FragrantEconomist386

YTA. Your mum is taking over too much. I get that you want to pay extra attention to her and spend more time with her because of her recent bereavement. But she doesn't need to spend Valentine's with you. That is not her day, but you and your girlfriend's.

If the choice is between buying a gift for your gf or your mum for Valentine's, you must choose your gf. Your mum is trying to make you her "little" husband, which is frankly rather gross, especially if you go along with it.

Get your priorities straight. Do you want a healthy relationship with your gf, or this semi-incestuous relationship with your mum? You are your mother's son, not her partner.

Able_Finger7626

Maybe a little gentler YTA, because stepdads death was more recent and it’s totally believable that your moms grief is still fresh, but she’s going about it completely the wrong way here, and you’re enabling her.

Both the Christmas event you described and this current valentines situation make it sound like your mom, through her grief, is on the road to using you as a “replacement” for your stepdad, which you should not allow to happen.

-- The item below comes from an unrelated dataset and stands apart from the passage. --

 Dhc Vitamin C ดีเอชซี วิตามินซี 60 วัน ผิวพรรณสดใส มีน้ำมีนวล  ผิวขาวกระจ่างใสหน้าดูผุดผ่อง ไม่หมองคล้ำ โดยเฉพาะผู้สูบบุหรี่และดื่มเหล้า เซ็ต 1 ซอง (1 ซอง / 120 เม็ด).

Also you literally say in your post that your girlfriend is tired of you taking care of your mom over her constantly. I can’t imagine how often that means in only 2ish months. Let’s apply your logic to other situations.

Say you and your girlfriend were planning your wedding right now. If your mom came to you crying because the wedding talk was making her miss her husband and she asked if she could wear a white wedding dress to your wedding, and have the first dance with you, would you try to convince your girlfriend “for your mom’s emotional well being?”

kol_al

YTA There are no circumstances where it would be appropriate to celebrate your mom on Valentine's day when the entire point is romantic. The fact that you would eve consider it is an indication that your relationship with your mom is not really healthy.

You already overspent on her for Christmas in your new substitute spouse role and you apparently plan to double-down? You need to back out of this right now.

Your girlfriend's upset is completely justified; if you keep this up you'll lose her and won't have another. Your manipulative mother needs grief counseling and you need to get your head on straight.

lbm785

To me there is a big difference between stepping in and assisting with something your stepdad did and maybe mom can’t easily physically do- such as putting up the Christmas lights.

My husband and I would do that for my living parents if they lived locally just because they shouldn’t be on ladders. But asking you to stand in as a romantic replacement for her? That’s really weird. YTA if you do it.

Ok_Conversation9750

I'm sorry, but YTA for sure. I get that mom feels lost and sad. It's not called grieving for nothing. But Valentines Day - really? What you are doing should be reversed. Gf gets the dinner out - mom should get a nice card and a phone call at most. If you let this go on as is, you will have all the time in the world to devote to mom cuz' GF is going to leave you.

So, do you think the OP is being disrespectful to his girlfriend or is he just worried about his mom? What would you tell him to do?